In the dataset there is a mix of different data: payment, stock and email information

payment features:  

| Feature | meaning |
|: -------|:--------|
| salary | Reflects items such as base salary, executive cash allowances, and benefits payments |
| bonus | Reflects annual cash incentives paid based upon company performance. Also may include other retention payments. |
| long_term_incentive |Reflects long-term incentive cash payments from various long-term incentive programs designed to tie executive compensation to long-term success as measured against key performance drivers and business objectives over a multi-year period, generally 3 to 5 years. |
| deferred_income | Reflects voluntary executive deferrals of salary, annual cash incentives, and long-term cash incentives as well as cash fees deferred by non-employee directors under a deferred compensation arrangement.
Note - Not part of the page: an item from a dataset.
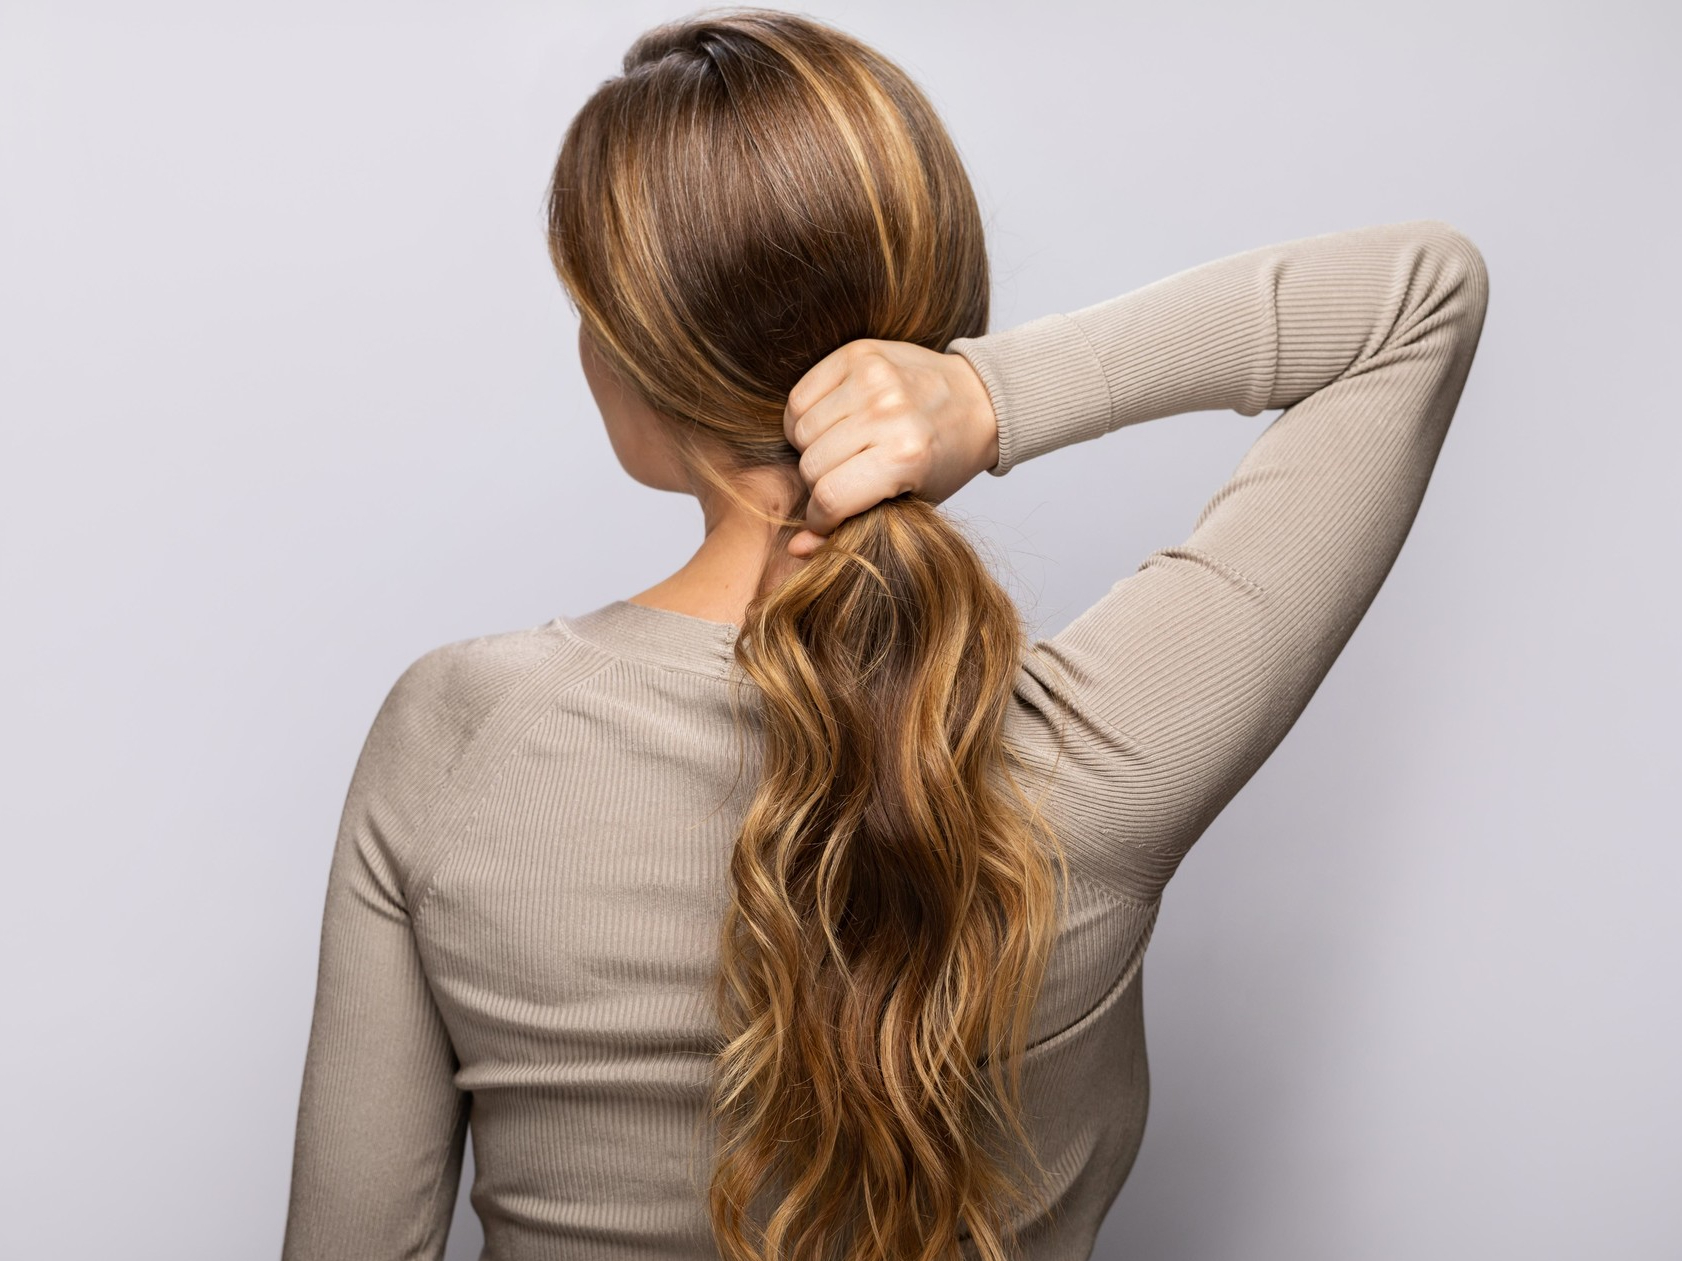 Седые волосы: причины ранней седины и как вернуть цвет

May also reflect deferrals under a stock option or phantom stock unit in lieu of cash arrangement.  |
| deferral_payments  |Reflects distributions from a deferred compensation arrangement due to termination of employment or due to in-service withdrawals as per plan provisions. |
| loan_advances  | Reflects total amount of loan advances, excluding repayments, provided by the Debtor in return for a promise of repayment. In certain instances, the terms of the promissory notes allow for the option to repay with stock of the company. |
| other  |Reflects items such as payments for severence, consulting services, relocation costs, tax advances and allowances for employees on international assignment (i.e. housing allowances, cost of living allowances, payments under Enron’s Tax Equalization Program, etc.). May also include payments provided with respect to employment agreements, as well as imputed income amounts for such things as use of corporate aircraft. |
| expenses  | Reflects reimbursements of business expenses. May include fees paid for consulting services |
| director_fees | Reflects cash payments and/or value of stock grants made in lieu of cash payments to non-employee directors. | 
| total_payments  | cumulative of all payments |
  
Stock features  

| Feature | meaning |
|: -------|:--------|
| exercised_stock_options | Reflects amounts from exercised stock options which equal the market value in excess of the exercise price on the date the options were exercised either through cashless (same-day sale), stock swap or cash exercises. The reflected gain may differ from that realized by the insider due to fluctuations in the market price and the timing of any subsequent sale of the securities. |
| restricted_stock | Reflects the gross fair market value of shares and accrued dividends (and/or phantom units and dividend equivalents) on the date of release due to lapse of vesting periods, regardless of whether deferred. |
| restricted_stock_deferred  | Reflects value of restricted stock voluntarily deferred prior to release under a deferred compensation arrangement. |
| total_stock_value | cumulative value of stock |
  
email features  
  
| Feature | meaning |
|: -------|:--------|
| from_poi_to_this_person  | emails send from POI to this person |
| shared_receipt_with_poi  | emails which were also send to a POI |
| from_this_person_to_poi  | emails sent from this person to POI |
| to_messages | total messages to this person |
| from_messages | total messages from this person |
  
and then of course if the person is a poi, in this case identified as either sentenced or someone who took a plea deal as noted in this article : http://usatoday30.usatoday.com/money/industries/energy/2005-12-28-enron-participants_x.htm and provided in the poi_names.txt

| Feature | meaning |
|---------|---------|
| poi  | person of interest |

### Cleaning and outliers
The dataset had some small problems:
* **non-persons in the data** (Total row was added as data point, and a travel agency as well), these were removed
* **Person with no data** was removed
* **two people with shifted columns** where the data was manually corrected

Outside these problems, all outliers are an important part of the dataset, since the biggest outliers are the biggest POIs
* total number of data points
* allocation across classes (POI/non-POI)
* number of features available
* are there features with many missing values? etc.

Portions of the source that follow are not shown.